4) Run Tivo Service Connection a second time. I have no idea why it takes two runs but that's what TIVO said to do. Run it to 100% until is says "succeeded."

5) Unplug the power to your Bolt. Wait at least 15 seconds. Plug the power back. The unit should boot. Once it is done booting, try Netflix and Amazon Prime Video. If they do not work, wait. It may take some time before they do. In my case, things were not right immediately, and I had to leave. I came back in two hours and all was well.

TIVO said the key thing is checking Netflix and Prime Video in the manage apps and THEN doing the service connection to update the settings.


----------



## dnorth12 (Feb 10, 2005)

xberk said:


> For the record.
> 
> For the past four or five weeks I had a problem streaming from Netflix or Amazon Prime Video on my new Bolt. No error message other than generic "No can do. Try again later" type message.
> 
> ...


I was having the same issue. My Netflix and Amazon Prime were already checked.

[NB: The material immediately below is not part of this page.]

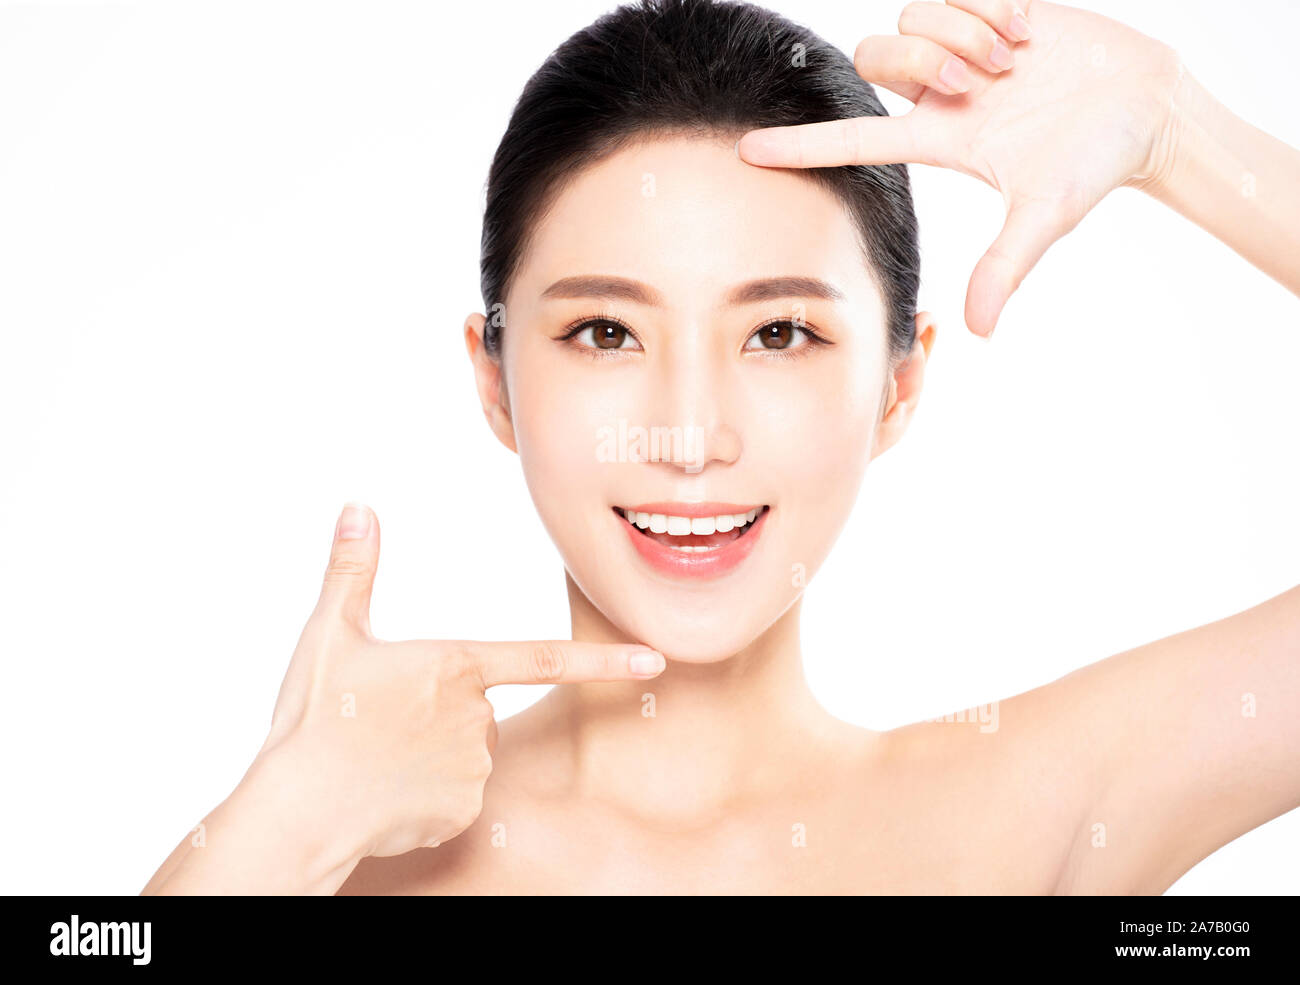 Closeup of Smiling beauty  Making Frame Gesture Stock Photo

I followed the instructions to the letter, minus the check boxes, and it worked for me as well.


----------



## kpeters59 (Jun 19, 2007)

I think the OP's Apps weren't installed...did your Service Connection(s) take a long time, too?

-KP


----------



## dnorth12 (Feb 10, 2005)

kpeters59 said:


> I think the OP's Apps weren't installed...did your Service Connection(s) take a long time, too?
> 
> -KP


Less than a minute both times. But it just connected a couple hours earlier.


----------



## mgmcotton (Apr 16, 2003)

I tried three suggestions that I found on this site and other places.
1) Reset the Tivo cache 
Press the Tivo button to Home screen>Thumbs down>Thumbs up>Play>Play>Play. Screen will go black for about 10 seconds. Box will then reset the cache.

2) Unplug the box for at least 3 minutes and replug. Let the box reboot and give it time to load all the apps. Unplugging the box for 3 minutes will alllow the box and all the app to shut down and need to be reloaded.

3) Connect to service 2 times. Afterwards, unplug box for 15-30 seconds.

Hopefully, we will see how long this helps. This is not a Tivo box only problems. So many different devices, including Fire Sticks, and smart TV's are having this problem. Have not seen it on AppleTv though. 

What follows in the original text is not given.